Dunia wong cilik Jawa dijadikan NH Dini sebagai ajang menceritakan perubahan sosial budaya Jawa di masyarakat Jawa. Di samping segi-segi sosial budaya Jawa yang lain, yang menurut saya amat menarik dari novel Tirai Menurun adalah gambaran dinamika perubahan nilai sosial budaya di kalangan wong cilik Jawa. Hal itu menyangkut nilai spiritual, filosofis, dan etis Jawa yang dihayati dan dipedomani oleh kalangan wong cilik Jawa.

/2/
Penghayatan ketaudihan, pengetahuan Kejawen, dan pemahaman keimanan adalah beberapa nilai spiritual Jawa yang tergambar kuat di dalam novel Tirai Menurun. Teks Tirai Menurun menampilkan nilai ketauhidan yang dihayati dan diikuti oleh orang-orang kecil Jawa. Beda dengan Pengakuan Pariyem, teks Tirai Menurun mengisahberita¬kan orang-orang kecil di lingkungan desa dan kesenian tradisional (orang-orang yang berkecimpung di dunia wayang wong) yang berada di luar pusat lingkaran konsentris Kerajaan Mataram Islam atau BJ pedalam¬an. Di samping itu, orang-orang kecil yang dikisah¬berita¬kan bukanlah pembantu sejenis Pariyem, melainkan orang-orang mandiri: Simbok, Pak Cokro, Pak dan Bu Carik Jayus, dan yang utama ¬Kedasih, Kintel, Sumirat, serta Wardoyo.

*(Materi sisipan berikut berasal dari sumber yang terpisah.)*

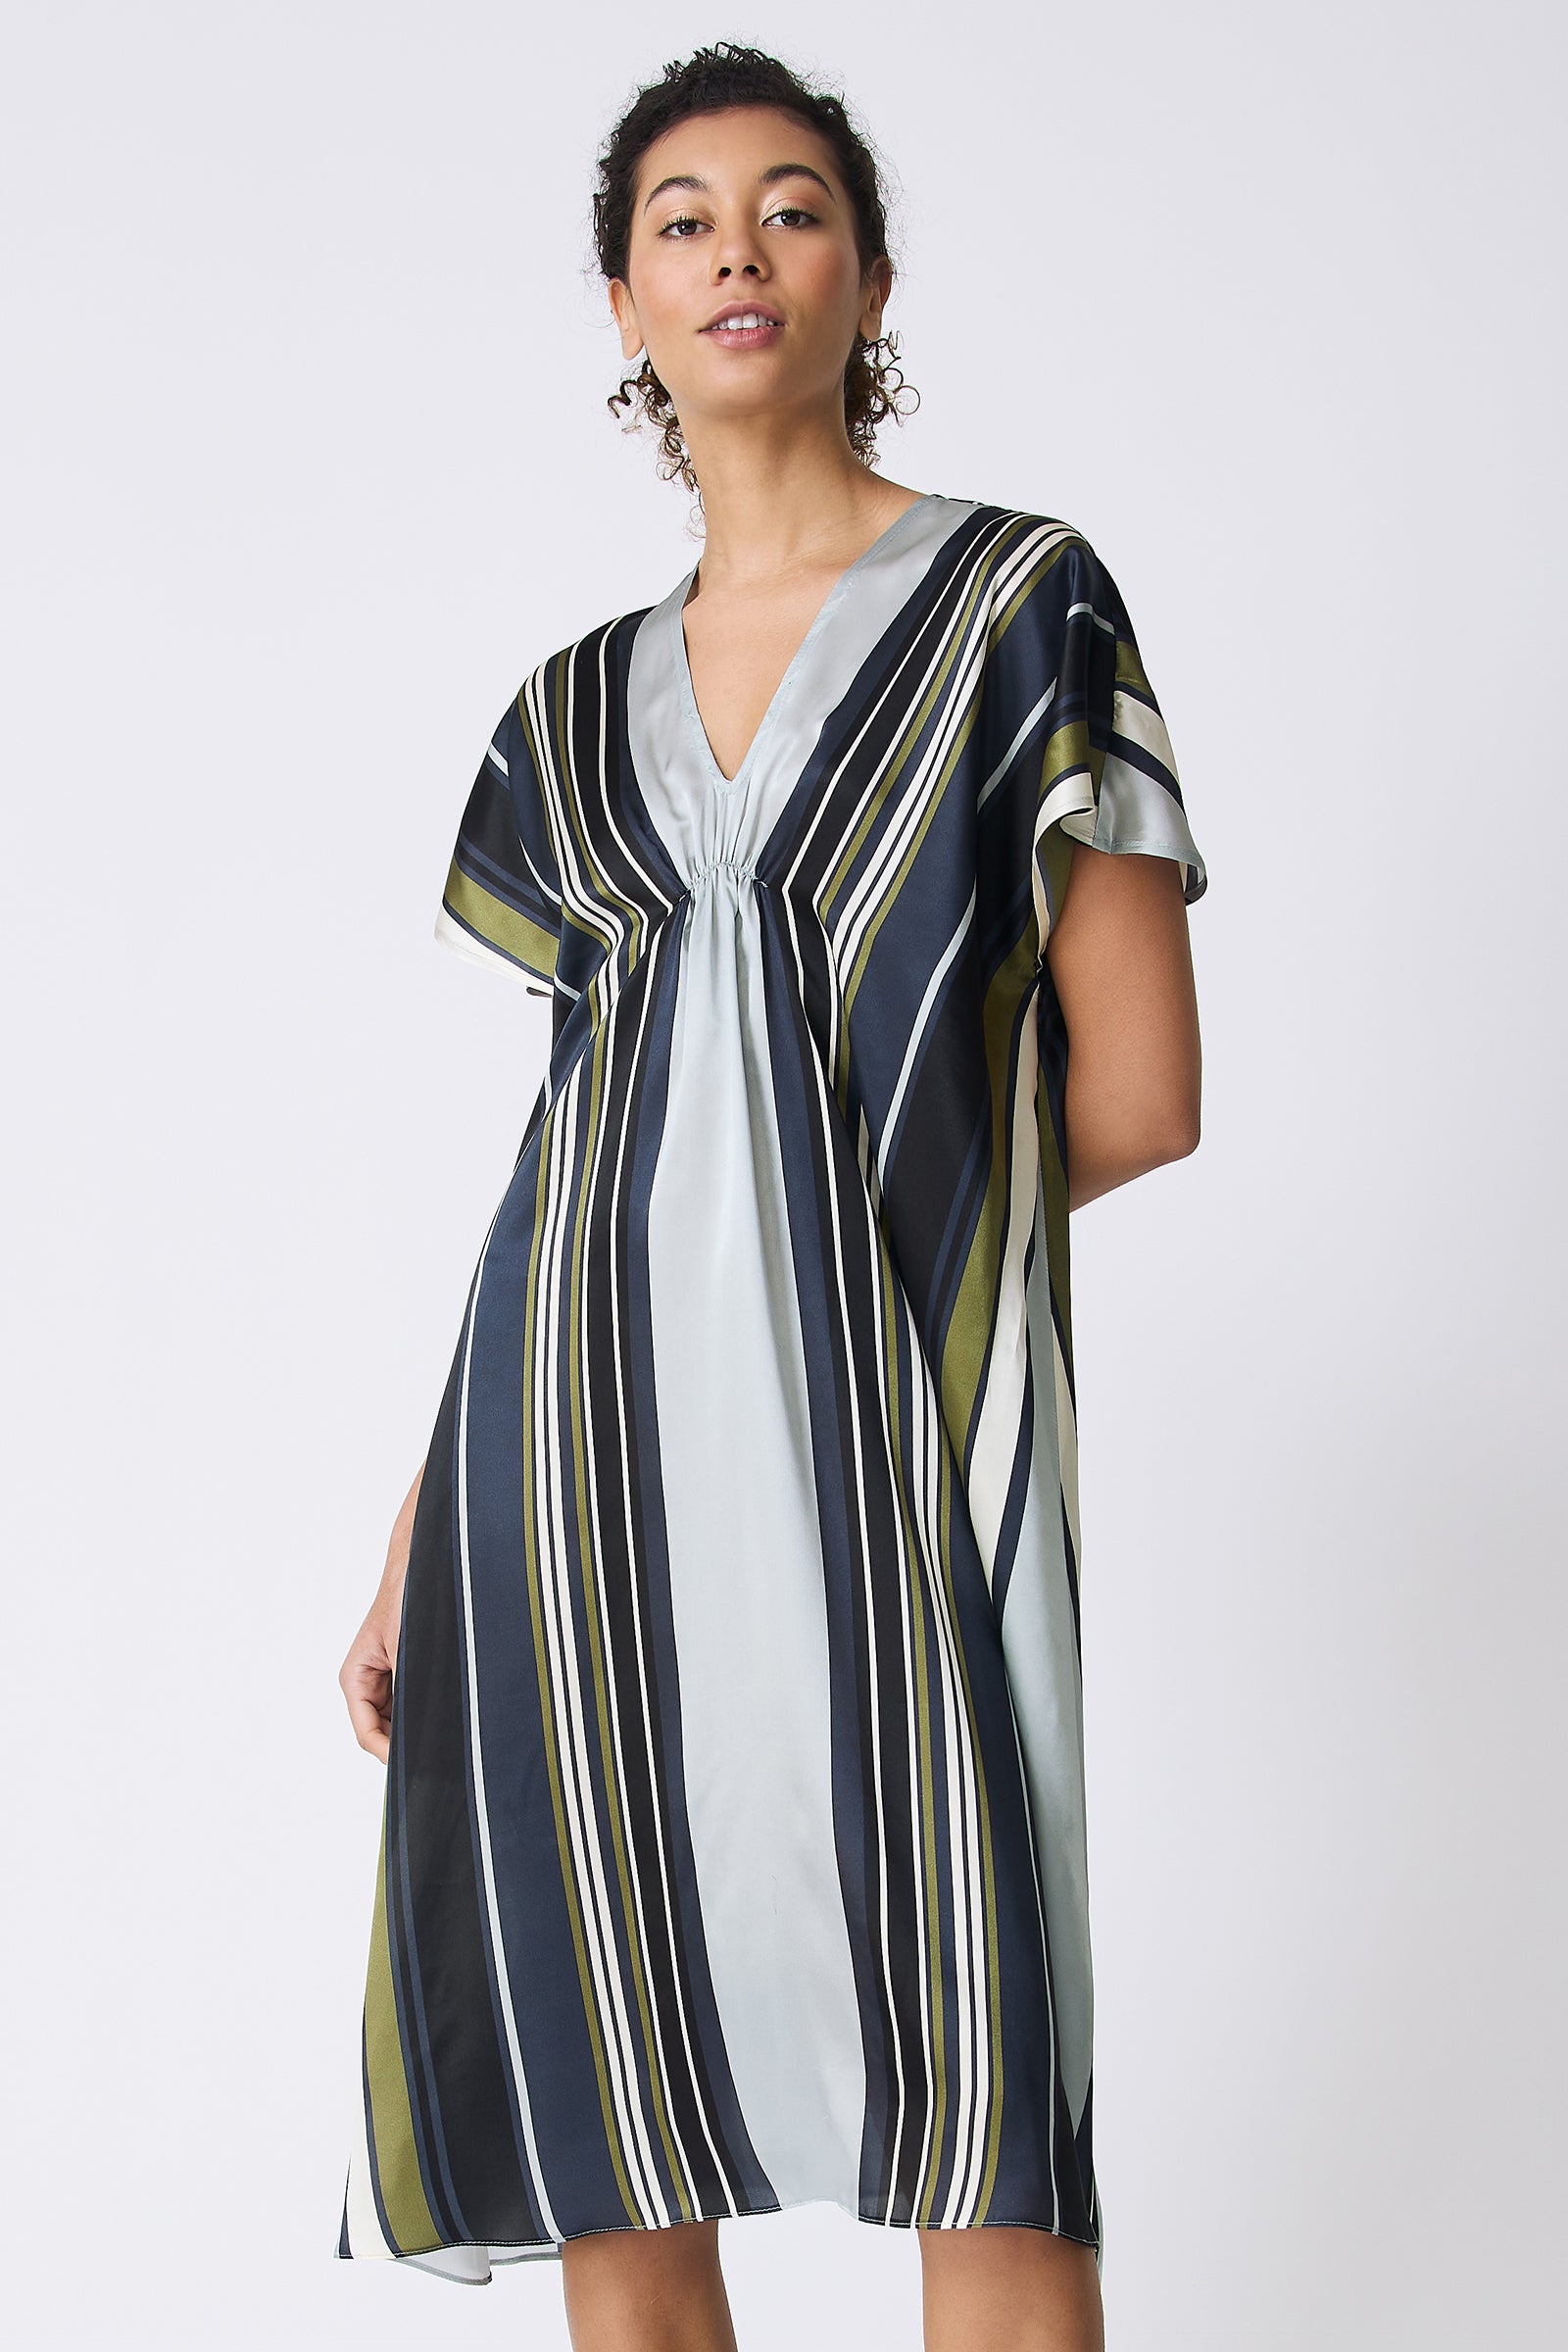 Kal Rieman Vanna Gather Front Dress in Multi Stripe on model with chin up front view

Pengha¬yatan dan pengamalan nilai ketauhidan dalam teks Tirai Menurun dapat diketahui dengan memperhatikan sikap dan perilaku tokoh-tokoh novel. Dengan sudut pandang diaan, pengarang teks Tirai Menurun memaparkan kesadar¬an tauhid zati (kemaha¬kuasaan Tuhan) Simbok Kedasih sebagai berikut: “Kedalaman lubuk hatinya mengetahui bahwa makanan bukan satu-satunya tiang kesejahteraan, karena kelanggengan yang mutlak tidak akan pernah akan ada. Yang dikhawatirkan adalah persediaan buat masa depan. Itulah pikiran yang juga dia warisi dari bapaknya Simbok, yang turun dari sifat-sifat kakeknya Simbok. Langsung di malam kesripahan, ketika mereka pulang dari kuburan, Sumirat turut duduk mende-ngarkan pembicaraan apa yang akan dikerjakan Simbok. Tiga generasi: neneknya Sumirat, Simbok dan Paman, dan Sumirat sendiri. Semuda itu dia daiajar bahwa kehidupan ditentukan oleh Gusti, tetapi diolah oleh akal dan rasa manusia sendiri. Menurut garis itu, di masa hidupnya, kakeknya Sumirat selalu berusaha mendapatkan hasil yang lebih dan yang lebih lagi. Perkataan usaha tidak pernah dilupakan di dalam pondok mereka. Bapaknya Sumirat menuruti ajaran itu pula” (TM:63)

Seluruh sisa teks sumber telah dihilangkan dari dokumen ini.